Regular expression to match optional group

Question

I'm expecting a string that may or may not have '#' followed by some numbers. If there's any numbers after '#' I want to capture it as second group, otherwise just capture everything in first group. Following is example for C#

• ABC#99999//match Group1: ABC and Group2: 99999
• 9ABC#8 //match Group1 9ABC and Group
• 9ABC //match Group1 9ABC
• 9ABC# //match Group1 9ABC#

The following Regex works, but for 3rd and 4th string, it captures into group 3 instead of group 1. is there a better way for the above scenario?

(?:(.+)#(\d+))|(.+)

Alternatively, I came up with following Regex, but the problem is since the first group doesn't have a fixed format (like length), it captures whole string from 1st and second string instead of capturing 2 groups

(.+)(?:#(\d+))?

Answer 1

To match a whole string and place the part before an optional # + digits into Group 1 and all those digits into Group 2, you may use

^(.+?)(?:#(\d+))?$

See the .NET regex demo.
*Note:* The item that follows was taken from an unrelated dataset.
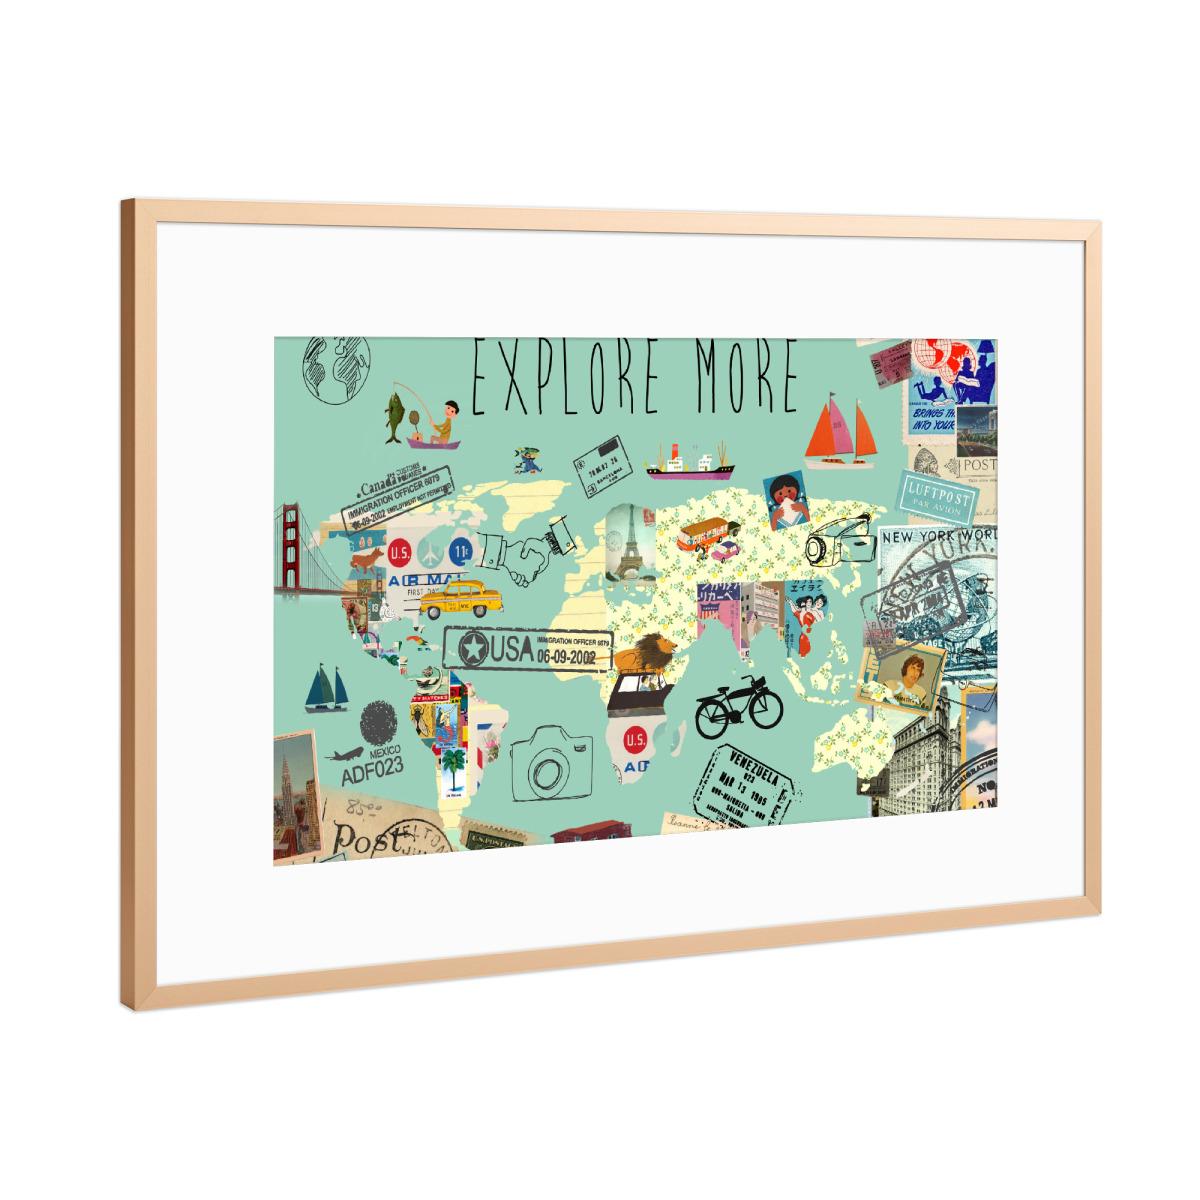 Weltkarte Explore More Als Gerahmt Bei Artboxone Kaufen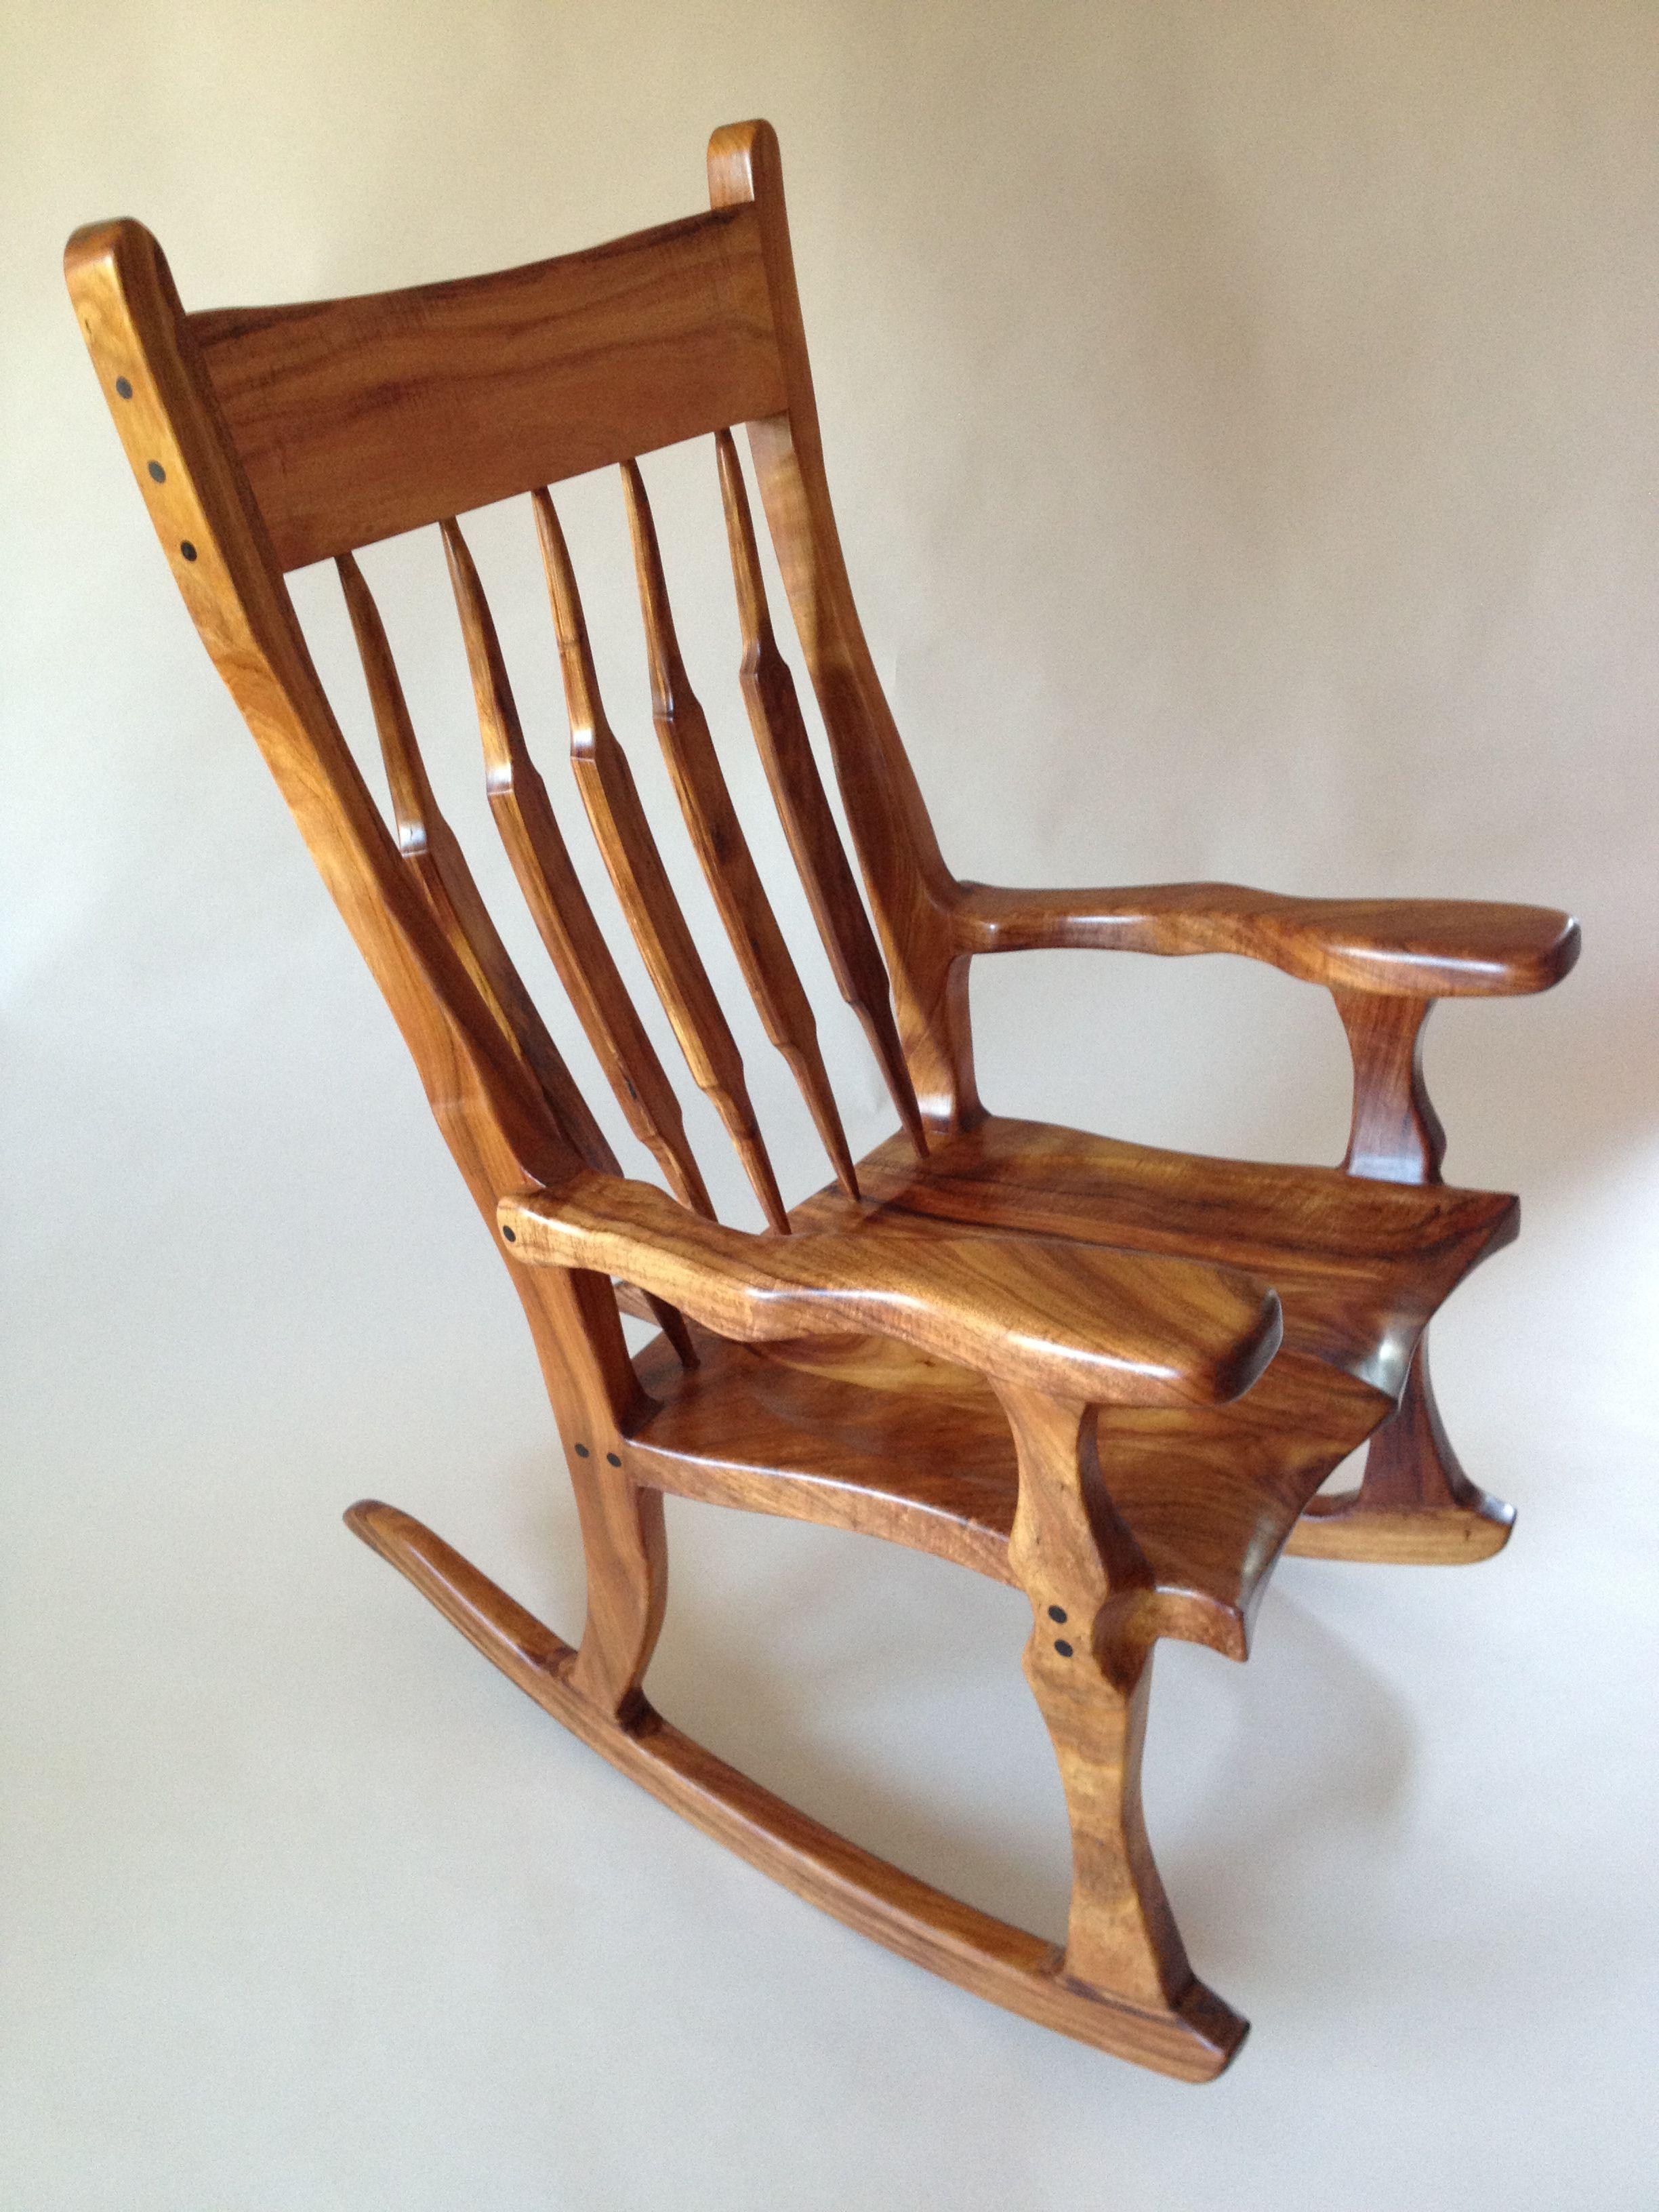 Tremendous Hawaiian Koa Wood Rocking Chair 6 000 Chairs Rocking Machost Co Dining Chair Design Ideas Machostcouk

The \r? is added because it is a multiline input demo, you won't need it if you plan to test separate strings against the pattern.

Details

• ^ - start of string
• (.+?) - Group 1: one or more chars as few as possible (due to +? lazy quantifier) (NOTE that if Group 1 value may be missing, use (.*?) instead)
• (?:#(\d+))? - an optional non-capturing group matching 1 or 0 occurrences of
  • # - a # symbol
  • (\d+) - Group 2: one or more digits
• $ - end of string.

Answer 2

Try

(\w+)(?:#(\d+))?

The # is in an optional non-capturing group, and the following digits in a captured group inside the non-capturing group.

https://regex101.com/r/obKPFw/1